The only thing that is left to do is to update our test:
//! compiler/src/parse/lexer.rs
[...]
#[test]
fn tokenize_return_const() {
let input = r##"
def main():
return 34
"##;
let expected = vec![
("def", Token::Def),
("main", Token::Identifier("main".to_string())),
("(", Token::LPar),
(")", Token::RPar),
(":", Token::Colon),
+ ("", Token::Indent),
("return", Token::Return),
("34", Token::Int(34)),
+ ("", Token::Dedent),
];
test_lexer(input, expected);
}
[...]
Building the parser
Introduction to formal grammars
Throughout this series, we'll try to limit the amount of purely theoretical content. But it's challenging to study compilers without at least a cursory understanding of formal grammars. We'll actually make use of the concepts introduced in this section when writing our parser, as the shape of our parsing functions will closely mimic the structure of our grammar rules.
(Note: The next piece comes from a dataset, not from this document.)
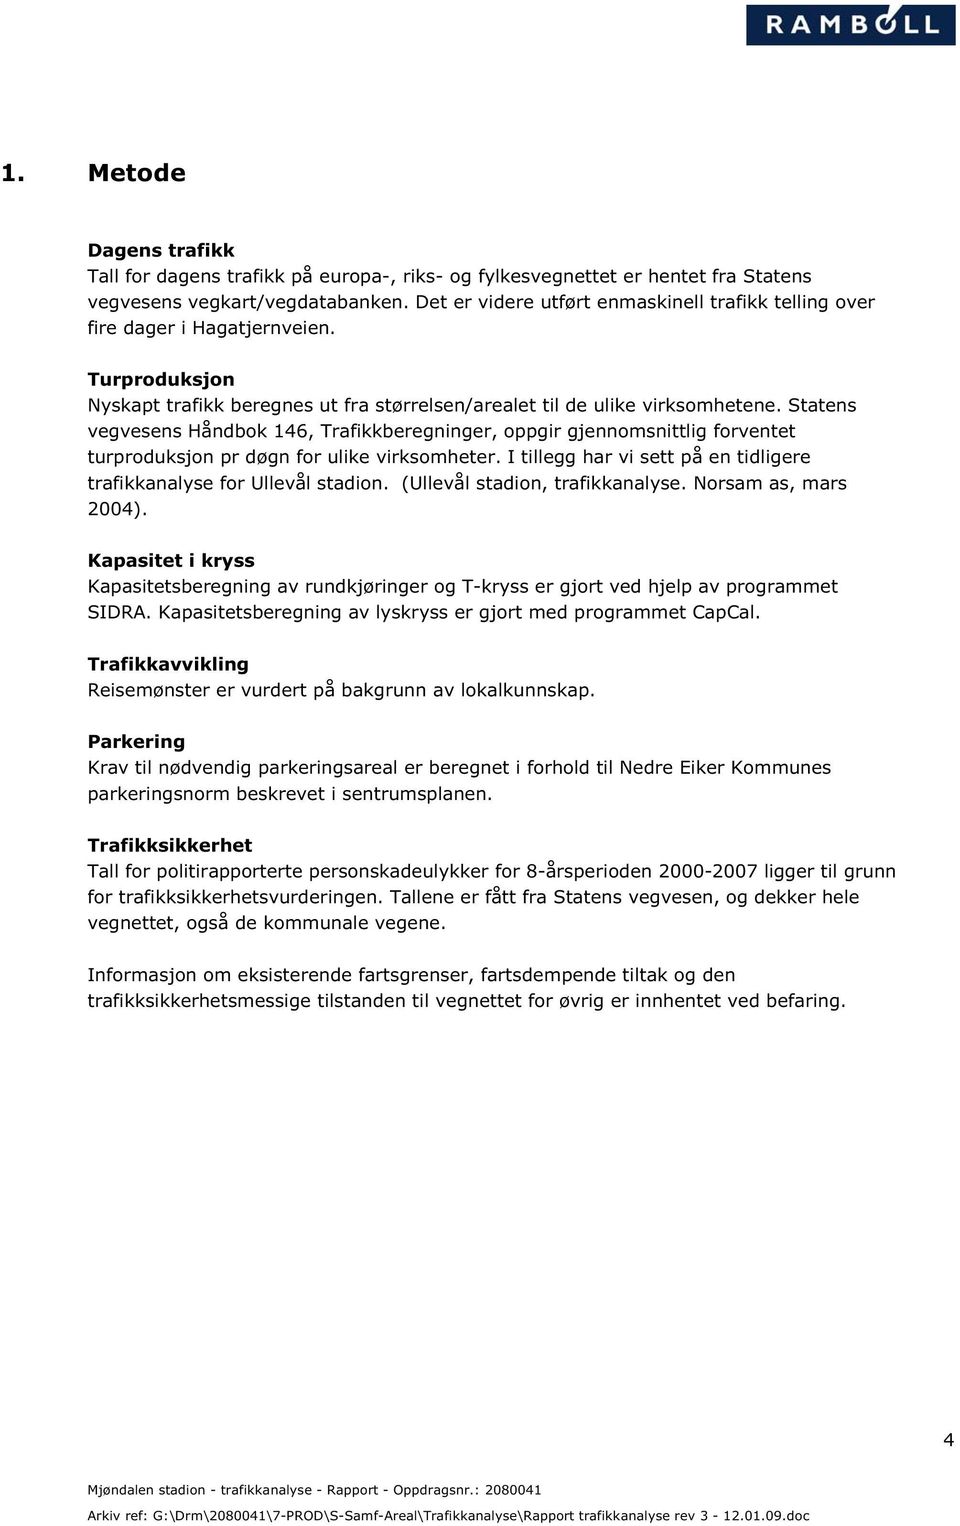 Statens vegvesens Håndbok 146, Trafikkberegninger, oppgir gjennomsnittlig forventet turproduksjon pr døgn for ulike virksomheter.

The kind of grammar that we'll be using is called a context-free grammar (CFG). Context-free grammars are a subset of formal grammars that are widely used in computer science, particularly in the field of programming languages. To learn more about formal grammars, you can check out the Wikipedia entry on the Chomsky hierarchy, which classified grammars into multiple nested categories.
But first, what is a language's grammar? In the context of programming languages, a grammar is a set of rules that define the syntax of a language. It specifies how tokens can be combined to form valid statements and expressions. In a way, grammars solve the same problem as regular expressions: given a piece of text, determine whether it is "valid," according to a set of rules.
Why not use regular expressions to define the syntax of our language, then?
The answer is simple: regular expressions are not powerful enough to express the
syntax of most programming languages. Regular expressions can handle simple patterns
like matching keywords or numeric literals, but can't describe nested structures
and recursive patterns that are fundamental to programming languages.
As a motivating example, consider the challenge of matching balanced parentheses—a
structure that appears everywhere in programming languages, from function calls to
mathematical expressions. You can try to write a regular expression that matches
balanced parentheses: inputs like ()
, (())
and (()())
should all be matched,
while inputs like (()
, ())
should not.
This is a classic example of something that cannot be expressed with regular expressions, but can be expressed with a context-free grammar. Without further ado, let's see how to write a grammar for our balanced parentheses example.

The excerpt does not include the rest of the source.